*Task description*. Pictures aside, return every line below exactly as written.
─── Data shown ───
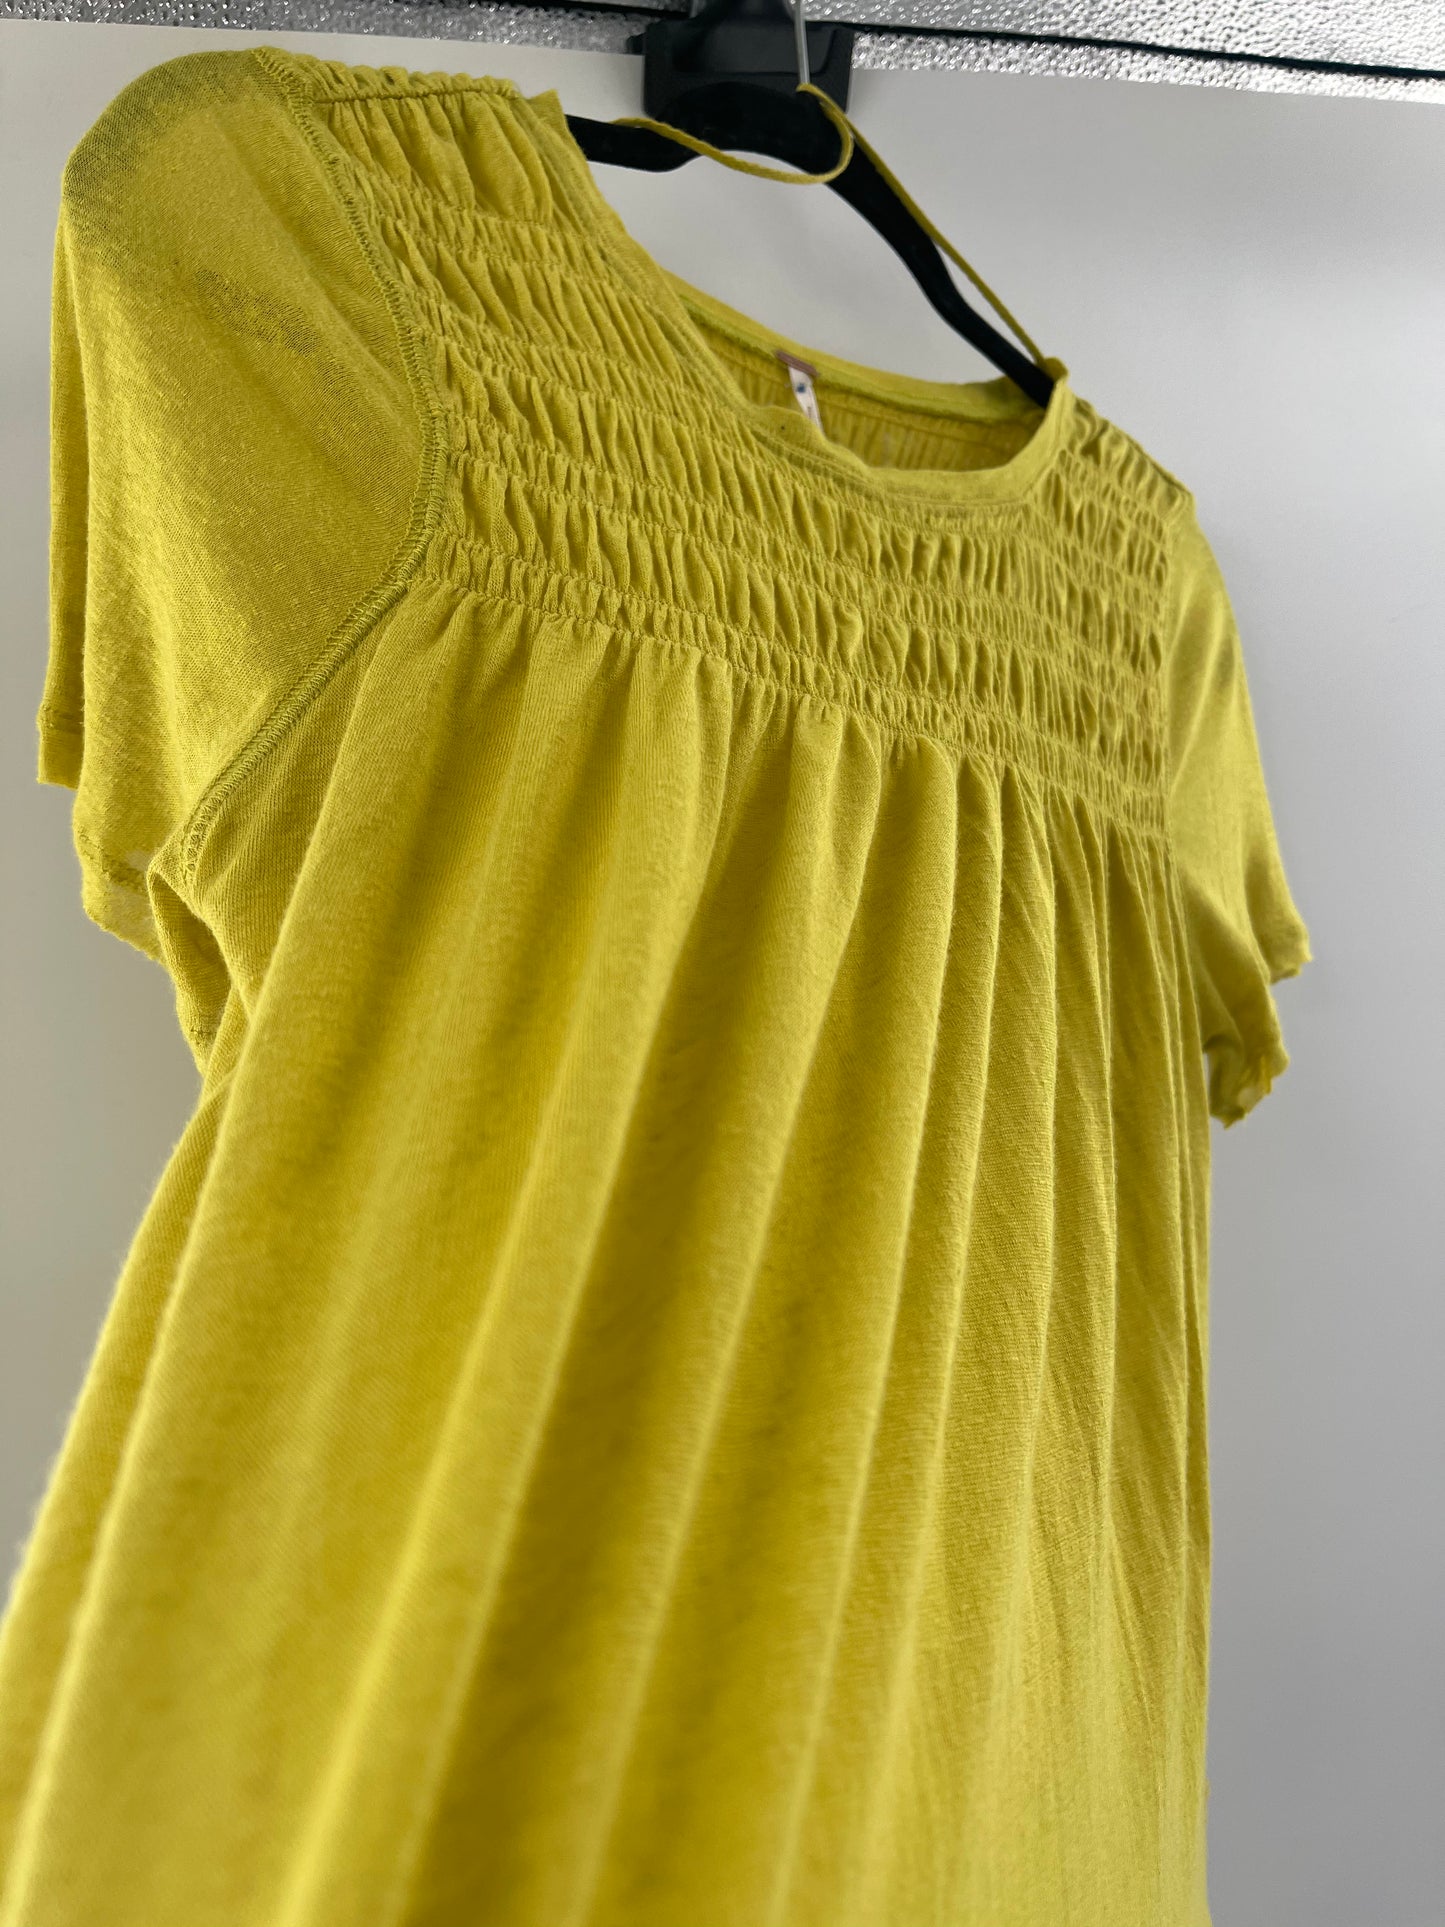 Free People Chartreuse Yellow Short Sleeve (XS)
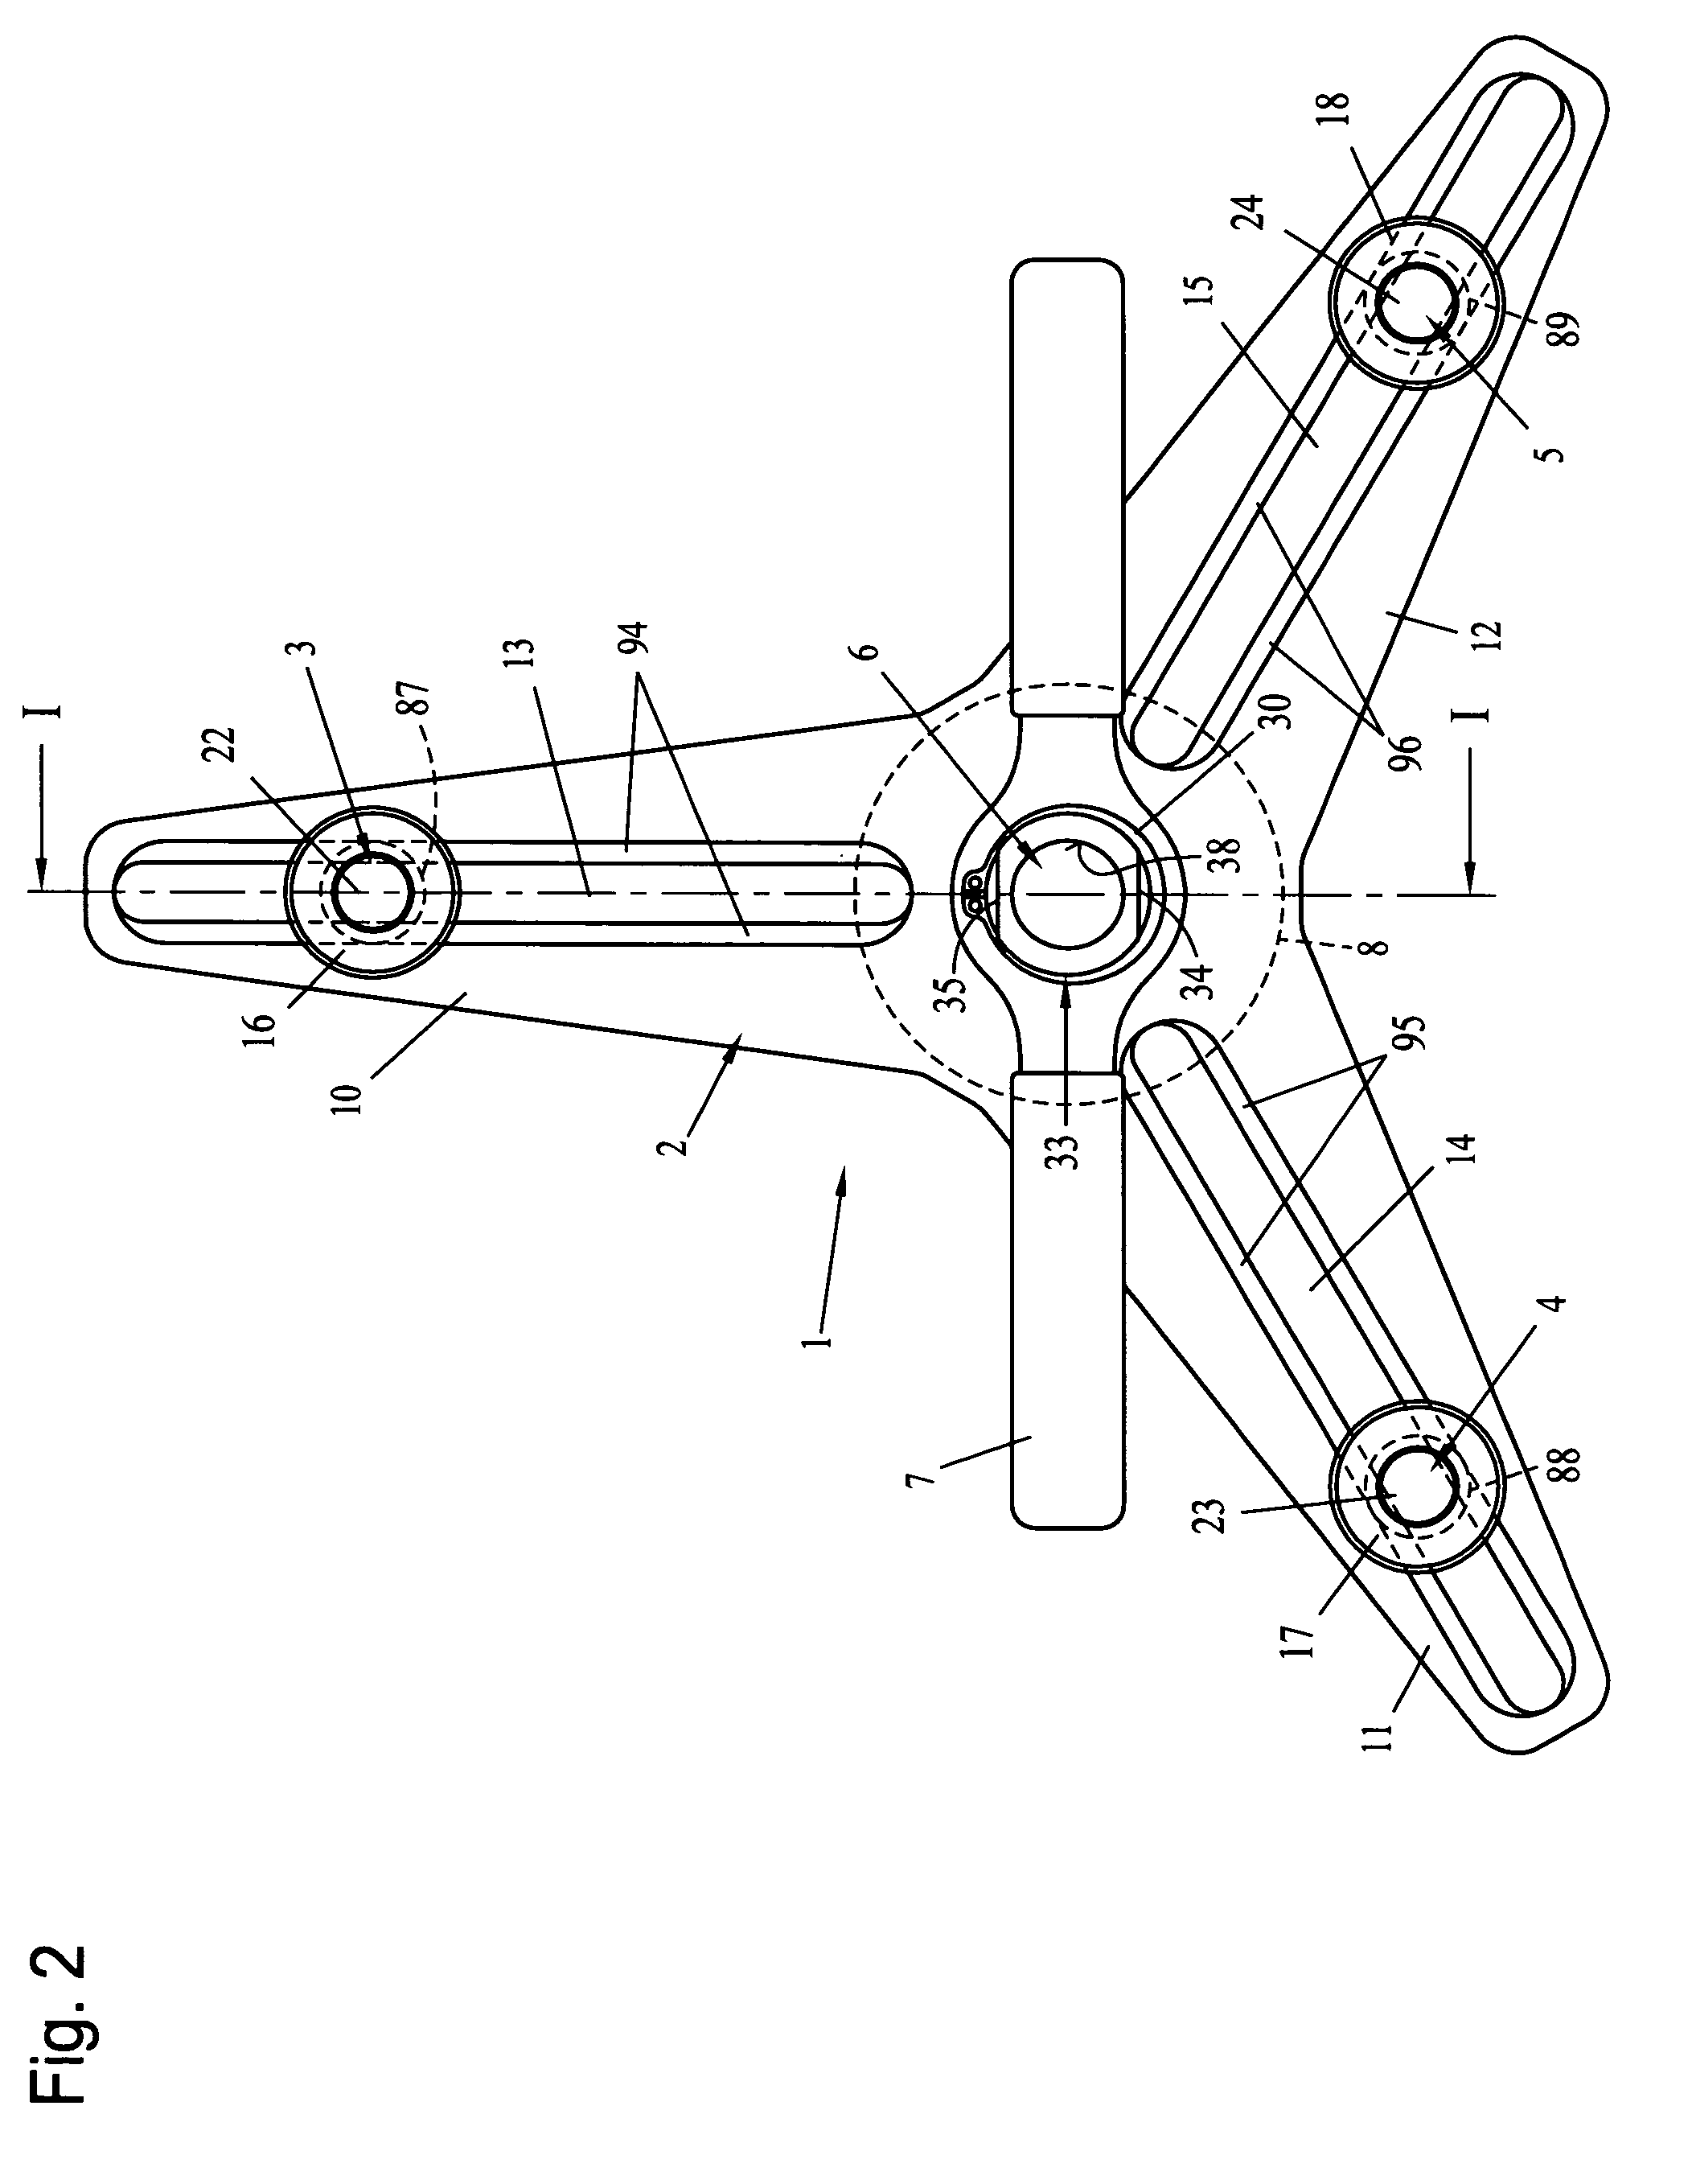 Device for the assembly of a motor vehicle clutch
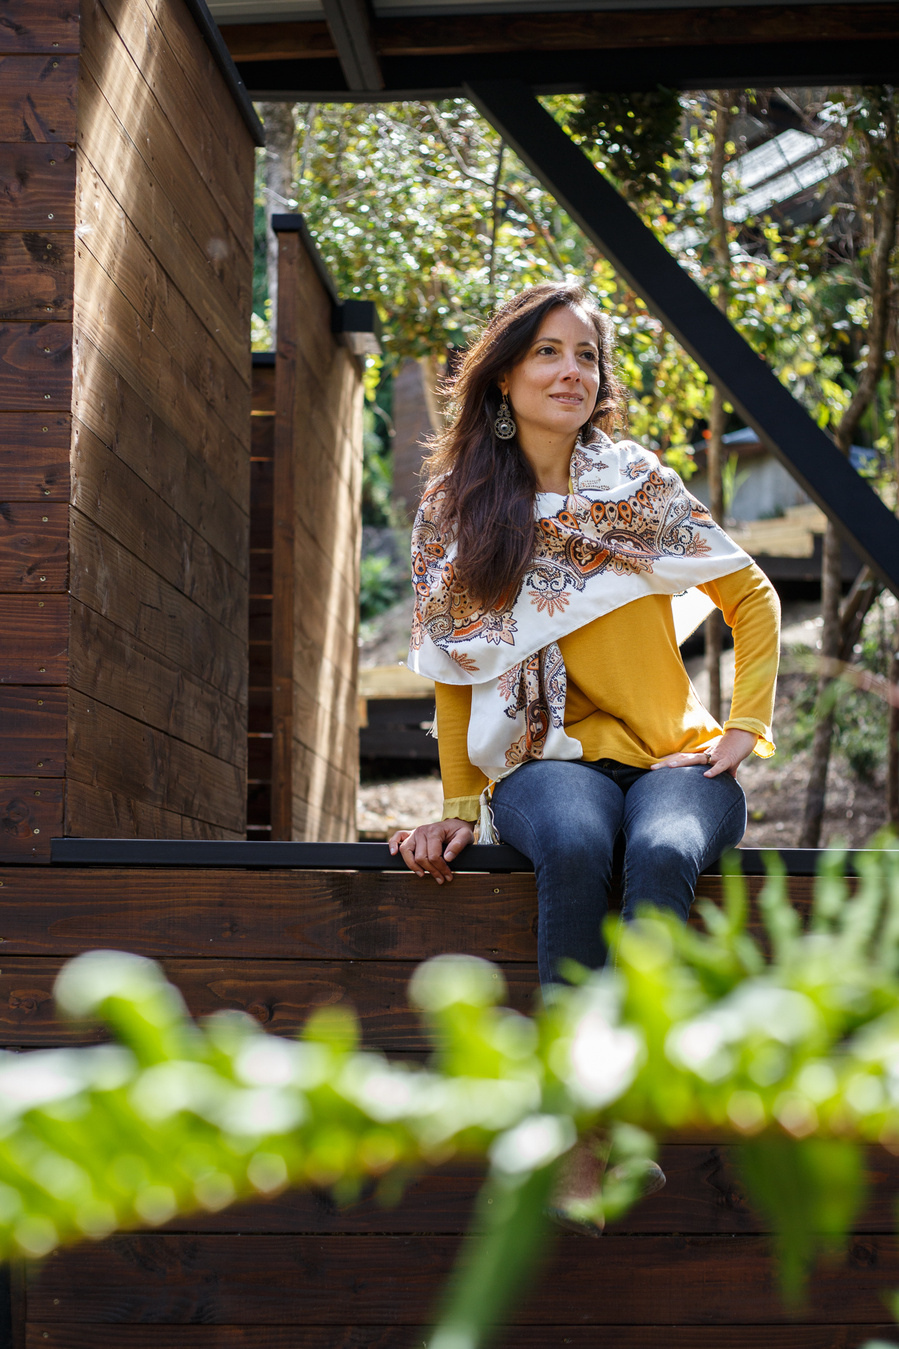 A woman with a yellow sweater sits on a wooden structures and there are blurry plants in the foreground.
───
*Your solution*.
 Free People Chartreuse Yellow Short Sleeve (XS)
 Device for the assembly of a motor vehicle clutch
 A woman with a yellow sweater sits on a wooden structures and there are blurry plants in the foreground.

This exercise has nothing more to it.